The performance of each implementation was timed and includes all setup and solve time. The exception to this is for the DiffSl implementations, where the JIT compilation for the model was not included in the timings (since the compilation time for the C and Rust code was also not included). We have presented the results in the following graphs, where the x-axis is the size of the problem \(n\) and the y-axis is the time taken to solve the problem relative to the time taken by the Sundials implementation (so \(10^0\) is the same time as Sundials, \(10^1\) is 10 times slower etc.)

Bdf solver

Bdf

The BDF solver is the same method as that used by the Sundials IDA and CVODE solvers so we expect the performance to be largely similar, and this is generally the case. There are differences due to the implementation details for each library, and the differences in the implementations for the linear solvers and matrices as discussed above.

For the small, dense, stiff robertson problem the DiffSol implementation is very close and only slightly faster than Sundials (about 0.9).

For the sparse heat2d problem the DiffSol implementation is slower than Sundials for smaller problems (about 2) but the performance improves significantly for larger problems until it is at about 0.3. Since this improvement for larger systems is not seen in foodweb or robertson_ode problems, it is likely due to the fact that the heat2d problem has a constant jacobian matrix and the DiffSol implementation has an advantage in this case.

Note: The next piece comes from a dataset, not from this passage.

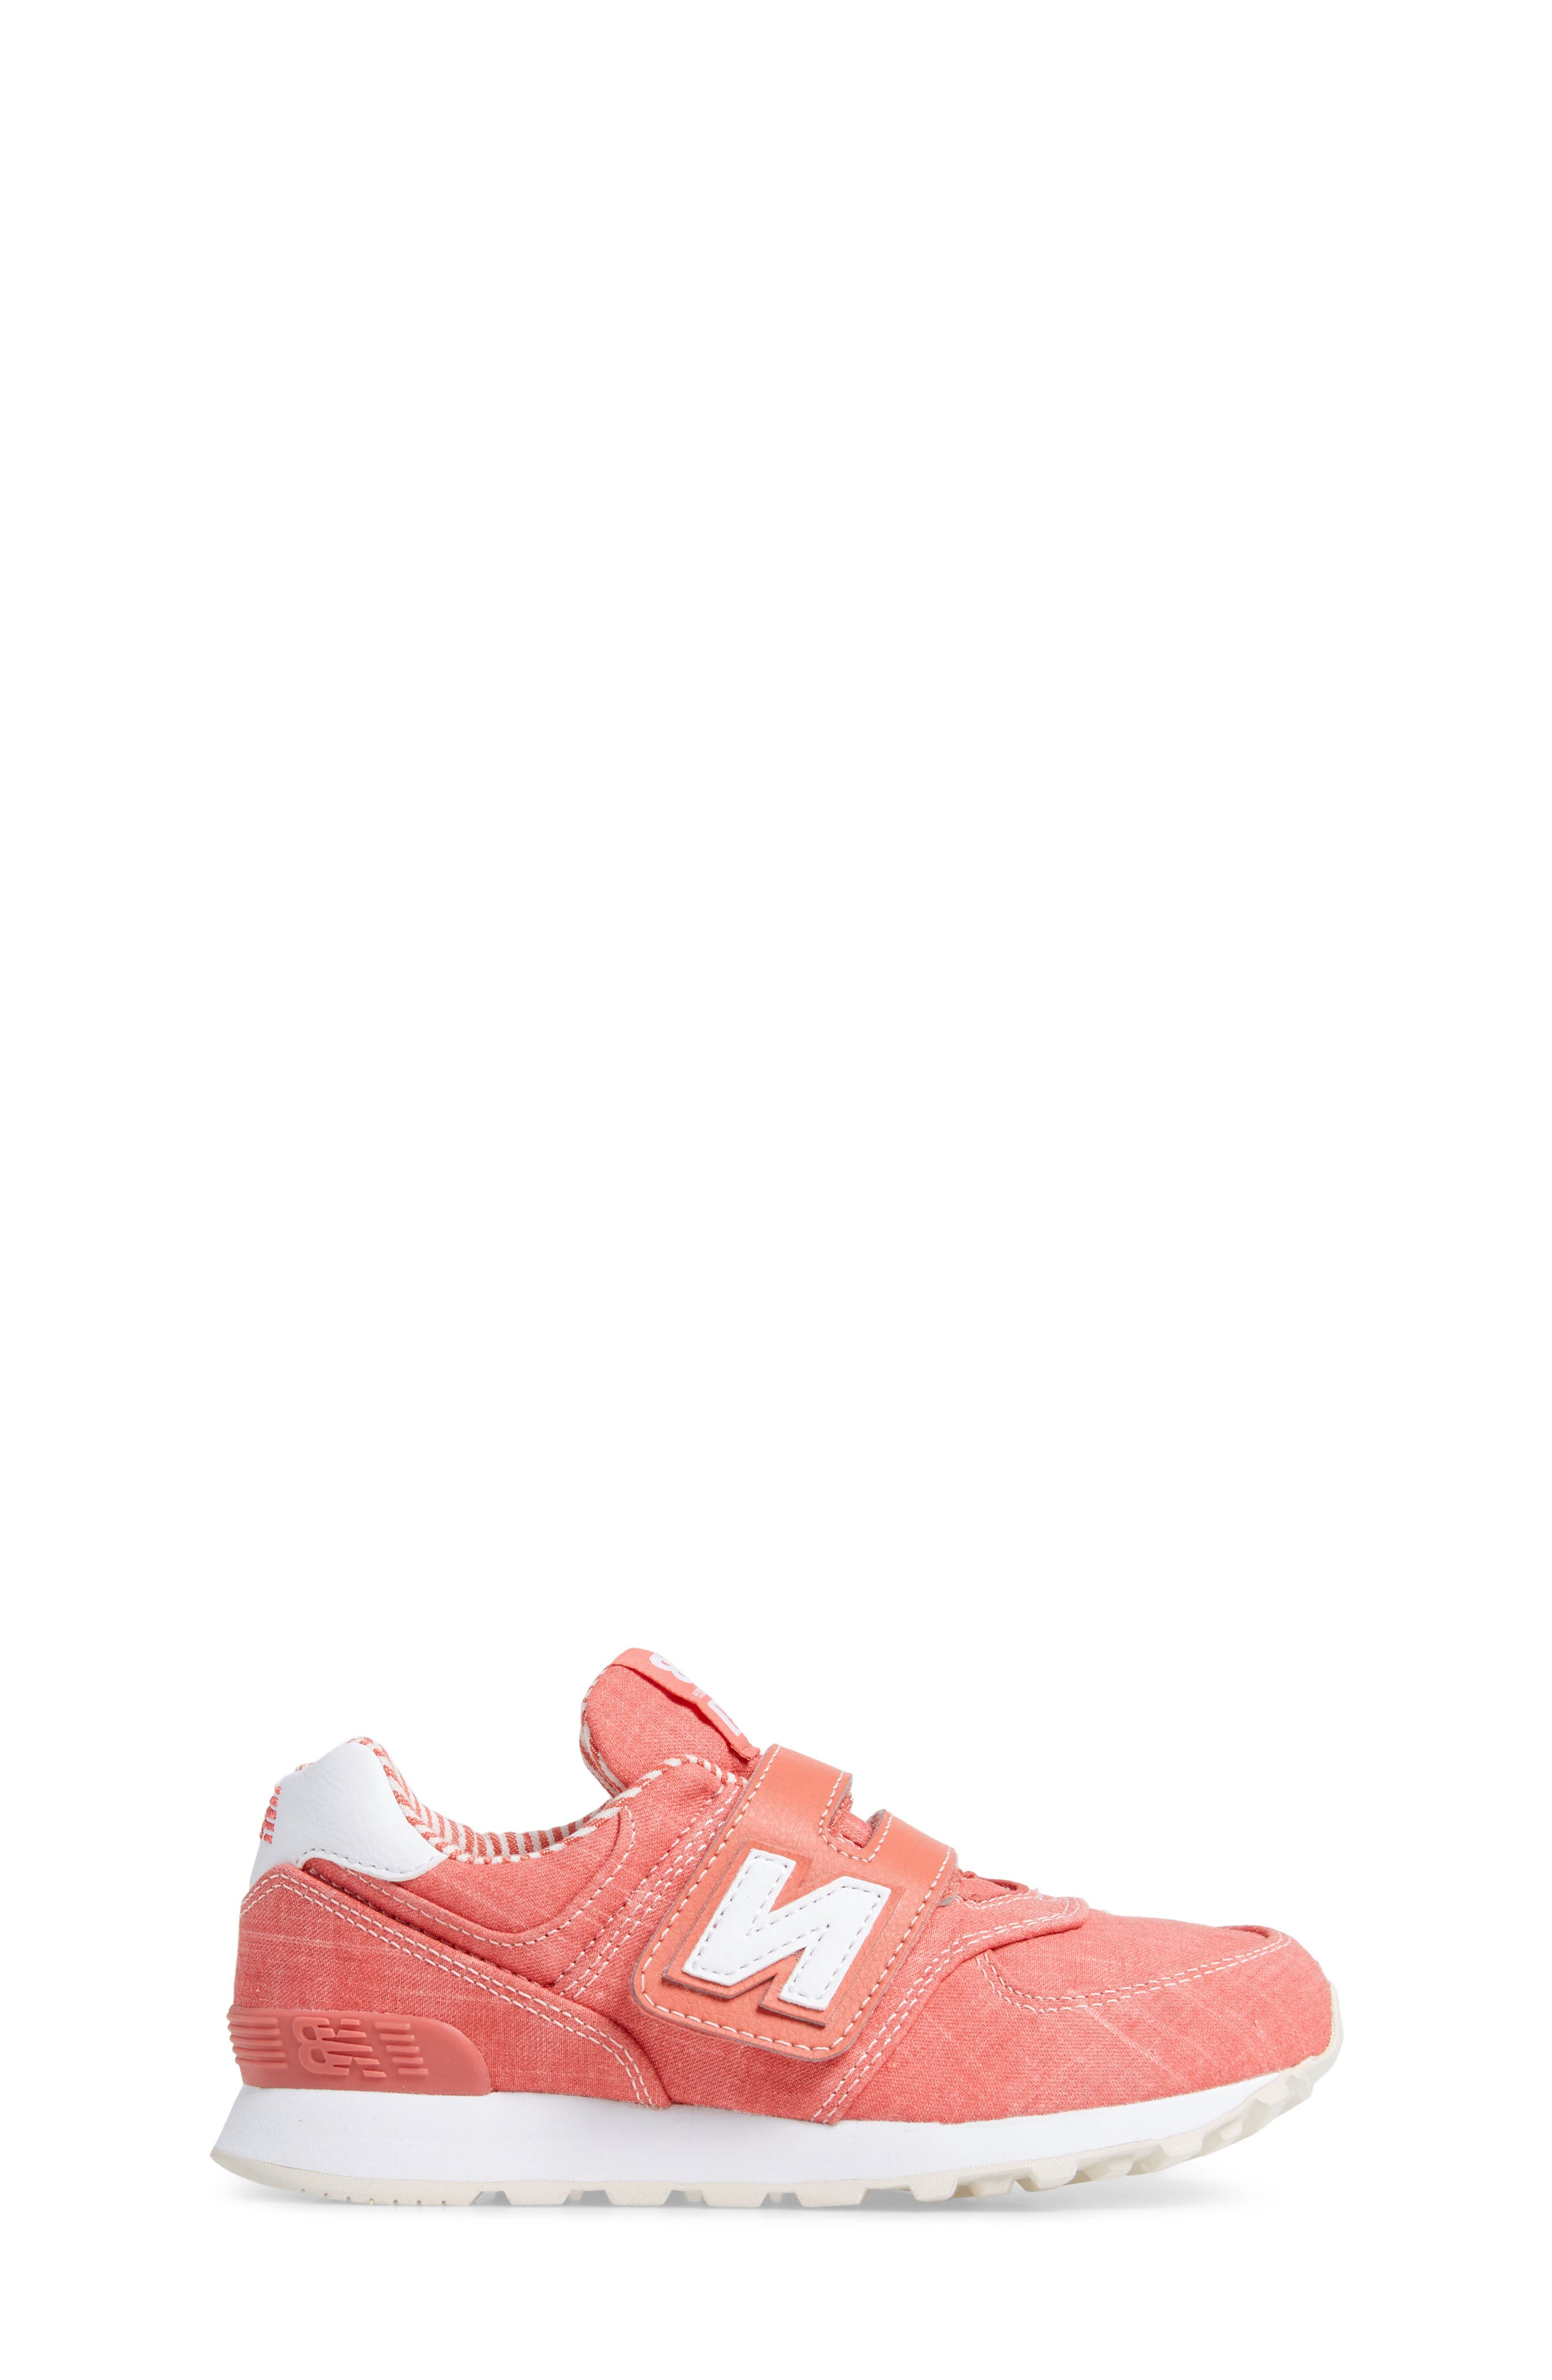 574v1 Sneaker,                             Alternate thumbnail 3, color,                             Coral

For the foodweb problem the DiffSol implementation is between 1.8 - 2.1 times slower than Sundials. It is interesting that when the problem is implemented in the DiffSl language (see benchmark below) the slowdown reduces to 1.5, indicating that much of the performance difference is likely due to the implementation details of the Rust code for the rhs, jacobian and mass matrix functions.

The DiffSol implementation of the robertson_ode problem ranges between 1.2 - 1.8 times slower than Sundials over the problem range.

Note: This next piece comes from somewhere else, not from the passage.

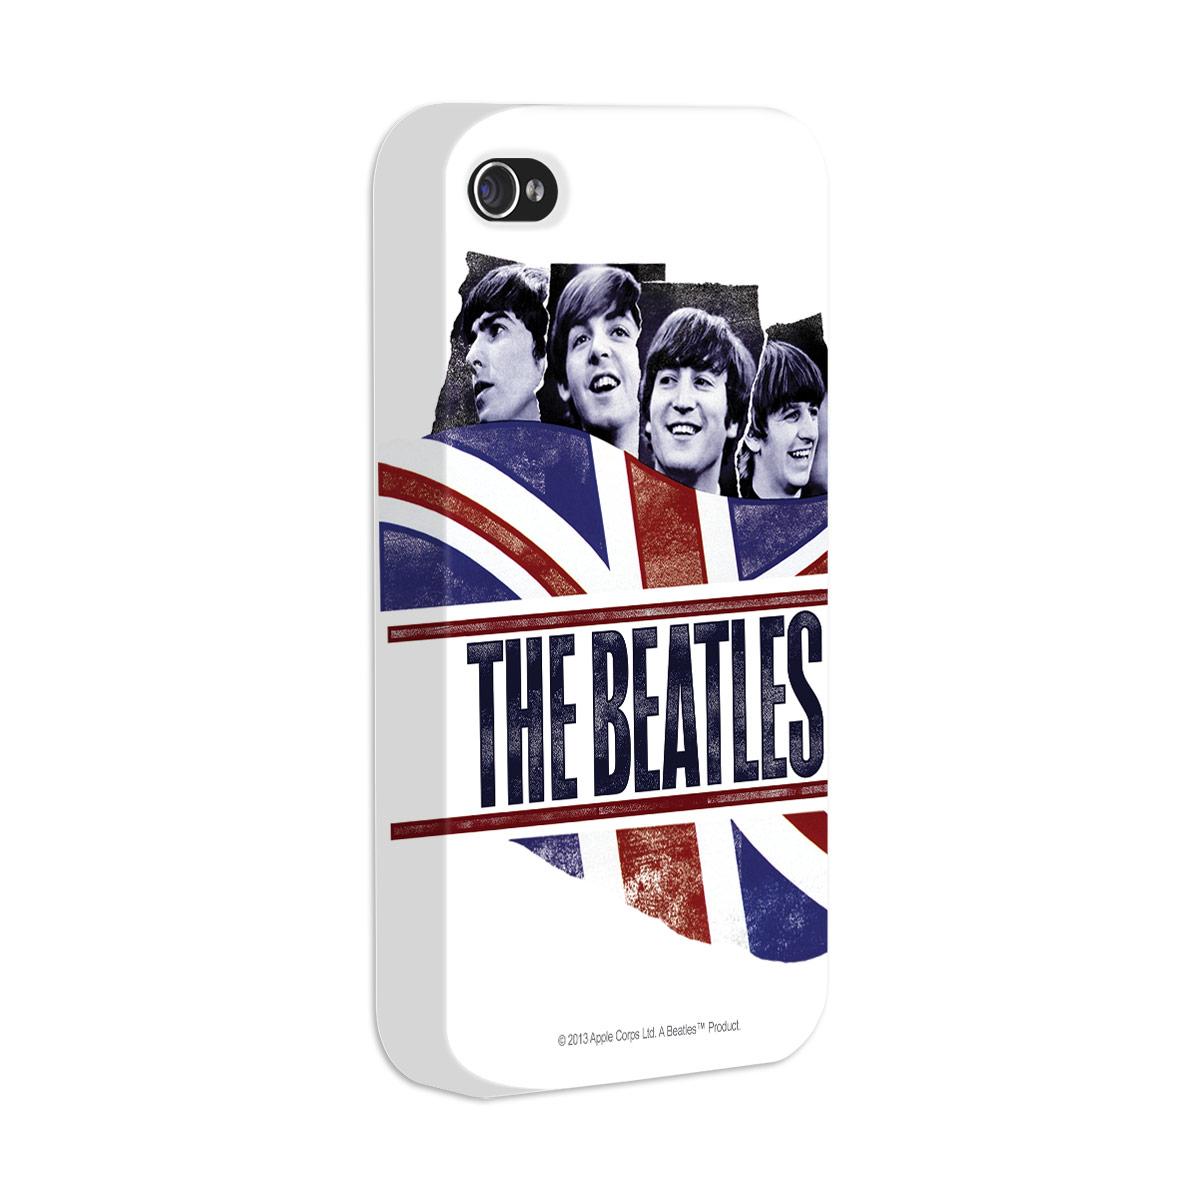 Capa de iPhone 4/4S The Beatles England Flag

tr_bdf2 & esdirk34 solvers (SDIRK)

Sdirk

The low-order tr_bdf2 solver is slower than the bdf solver for all the problems, perhaps due to the generally tight tolerances used (robertson and robertson_ode have tolerances of 1e-6-1e-8, heat2d was 1e-7 and foodweb was 1e-5). The esdirk34 solver is faster than bdf for the foodweb problem, but slightly slower for the other problems.

Bdf + DiffSl

The main difference between this plot and the previous for the Bdf solver is the use of the DiffSl language for the equations, rather than Rust closures. The trends in each case are mostly the same, and the DiffSl implementation only has a small slowdown comparared with rust closures for most problems. For some problems, such as foodweb, the DiffSl implementation is actually faster than the Rust closure implementation. This may be due to the fact that the rust closures bound-check the array indexing, while the DiffSl implementation does not.

This plot demonstrates that a DiffSL implementation can be comparable in speed to a hand-written Rust or C implementation, but much more easily wrapped and used from a high-level language like Python or R, where the equations can be passed down to the rust solver as a simple string and then JIT compiled at runtime.